This work investigates the robustness vulnerabilities of large language models (LLMs) against adversarial suffixes that bypass safety guard models—particularly Llama Prompt Guard 2—when processing untrusted inputs or generating executable code. We propose Super Suffixes, the first attack framework achieving cross-model and cross-tokenizer multi-objective alignment failure. Additionally, we design DeltaGuard, a lightweight detection mechanism that models malicious intent via cosine similarity to concept directions in residual streams. Experiments demonstrate that Super Suffixes successfully evade Prompt Guard 2’s protections across five mainstream generative models. DeltaGuard achieves a 99.8% malicious prompt detection rate, substantially enhancing guard model robustness. Crucially, this work is the first to expose Prompt Guard 2’s joint optimization vulnerability—where alignment and safety objectives are co-optimized—thereby establishing an interpretable, deployable paradigm for LLM safety.

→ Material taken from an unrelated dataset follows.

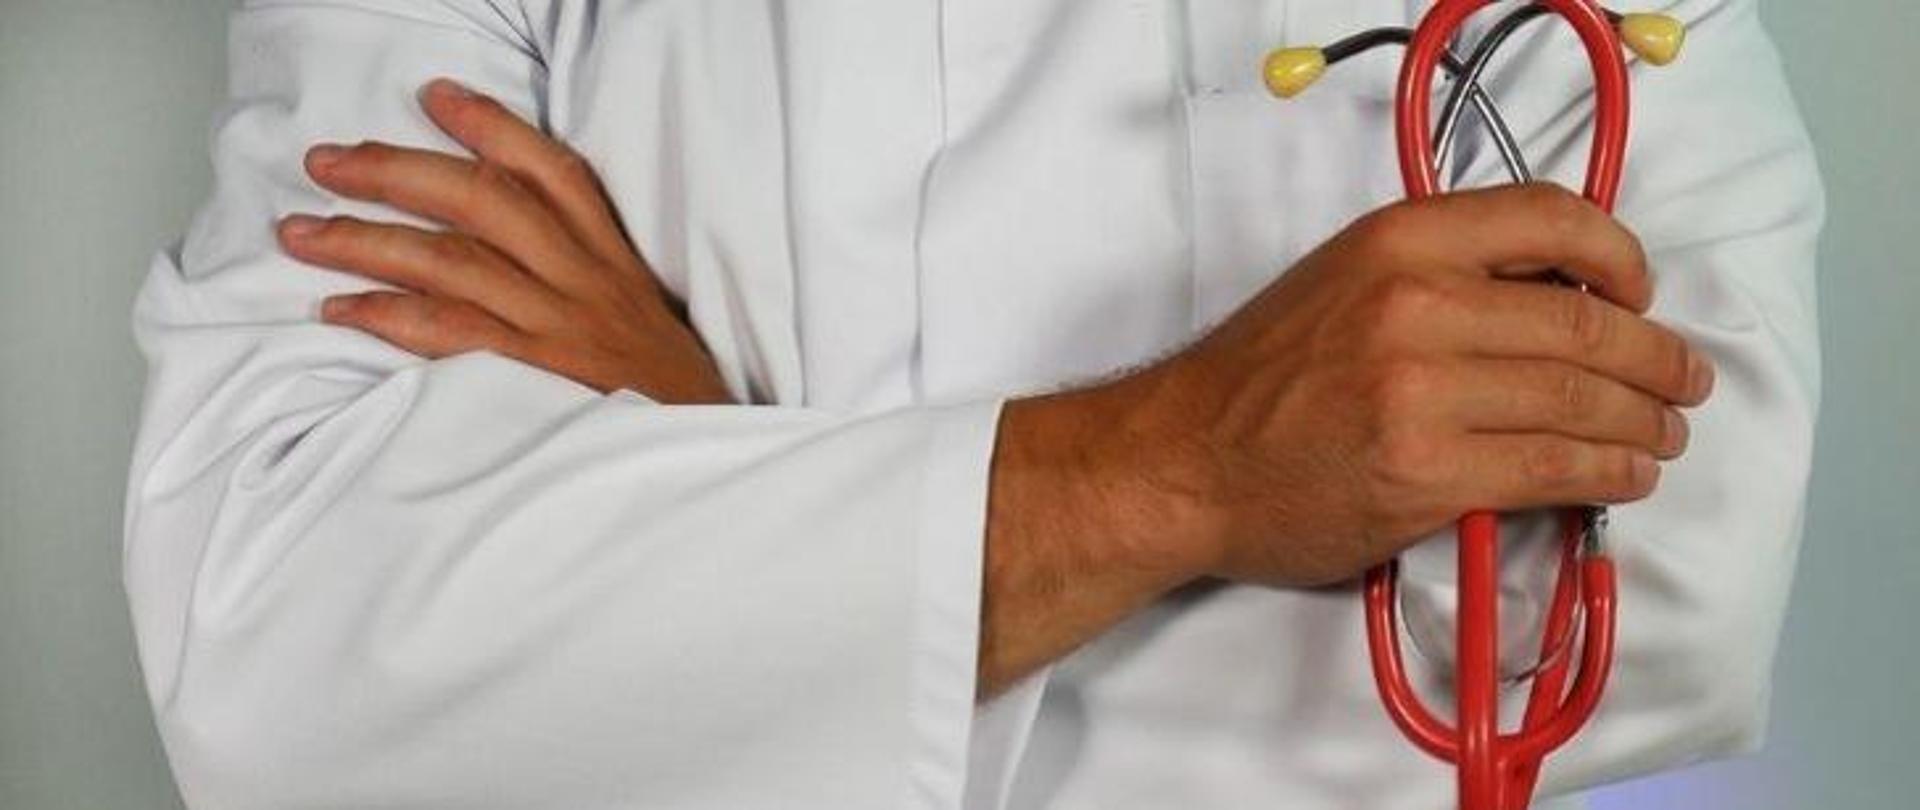 Sylwetka lekarza, najprawdopodobniej mężczyzny, który jest ubrany w biały fartuch medyczny, a w ręce trzyma czerwony stetoskop

The rapid deployment of Large Language Models (LLMs) has created an urgent need for enhanced security and privacy measures in Machine Learning (ML). LLMs are increasingly being used to process untrusted text inputs and even generate executable code, often while having access to sensitive system controls. To address these security concerns, several companies have introduced guard models, which are smaller, specialized models designed to protect text generation models from adversarial or malicious inputs. In this work, we advance the study of adversarial inputs by introducing Super Suffixes, suffixes capable of overriding multiple alignment objectives across various models with different tokenization schemes. We demonstrate their effectiveness, along with our joint optimization technique, by successfully bypassing the protection mechanisms of Llama Prompt Guard 2 on five different text generation models for malicious text and code generation. To the best of our knowledge, this is the first work to reveal that Llama Prompt Guard 2 can be compromised through joint optimization. Additionally, by analyzing the changing similarity of a model's internal state to specific concept directions during token sequence processing, we propose an effective and lightweight method to detect Super Suffix attacks. We show that the cosine similarity between the residual stream and certain concept directions serves as a distinctive fingerprint of model intent. Our proposed countermeasure, DeltaGuard, significantly improves the detection of malicious prompts generated through Super Suffixes. It increases the non-benign classification rate to nearly 100%, making DeltaGuard a valuable addition to the guard model stack and enhancing robustness against adversarial prompt attacks.